Design of Systems on Silicon (DS2)
- Company type: Private
- Industry: Semiconductor Devices
- Founded: 1998
- Defunct: 2010
- Headquarters: Valencia, Spain
- Key people: Founder, Jorge Blasco
- Products: Power line communication Integrated circuits

= Design of Systems on Silicon =

Design of Systems on Silicon, officially Diseño de Sistemas en Silicio S.A., (DS2), was a supplier of integrated circuits and software for power line communications.
The company was founded in 1998, and went out of business in 2010 after trying to expand into other home network technologies.

==Standards==
DS2 developed products compliant with the 200 Mbit/s specification developed by the Universal Powerline Association (UPA).
The products can be used to create a local area network, often called as a home network within a residence using existing electrical power wires.
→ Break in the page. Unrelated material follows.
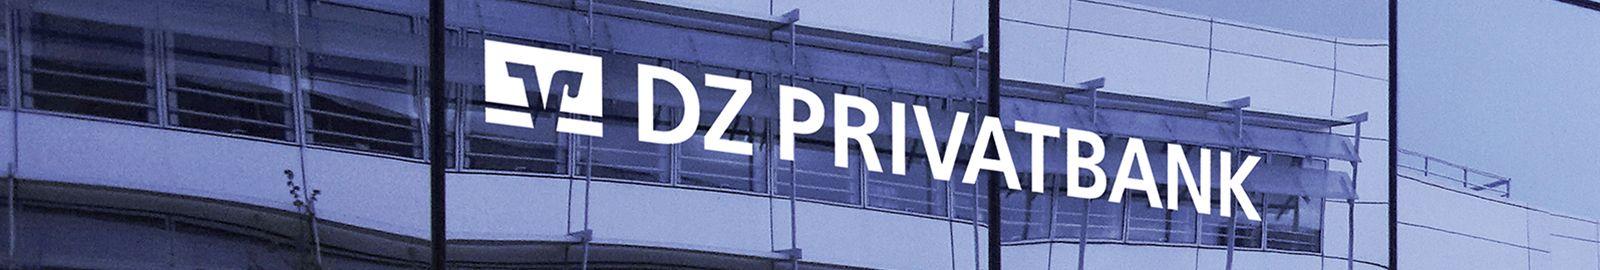 DZ PRIVATBANK

In December 2008, DS2 announced plans to develop the DSS9960 chip, which was to be a dual-mode device interoperable both with the ITU-T G.hn standard and with the UPA specification.
The UPA technology had been proposed (but not accepted) into the IEEE 1901 standard.

DS2 demonstrated their G.hn development at the Consumer Electronics Show (CES) in January 2010.
Prototypes used the three medium types used by G.hn (coax, phoneline, and powerline).

==History==
DS2 was started in 1998 at the European Innovative Companies Center (CEEI) in the Paterna Technology Park. The company reported $20 million in sales in 2008, compared to $15 million in 2007 and $12 million in 2006. It had over 140 employees in 2008.

Jorge Blasco, president and CEO of DS2, was nominated for the European Inventor of the Year Award. The European Inventor of the Year Award ceremony was held in Madrid, Spain along with the European Patent Forum in April 2010.
A video at the European Patent Office explains the nomination and the invention.

On 5 March 2010, DS2 entered the Spanish equivalent of voluntary chapter 11 bankruptcy (concurso de acreedores, in Spanish).
On 19 August 2010, Marvell Technology Group announced it acquired the intellectual property and assets of DS2.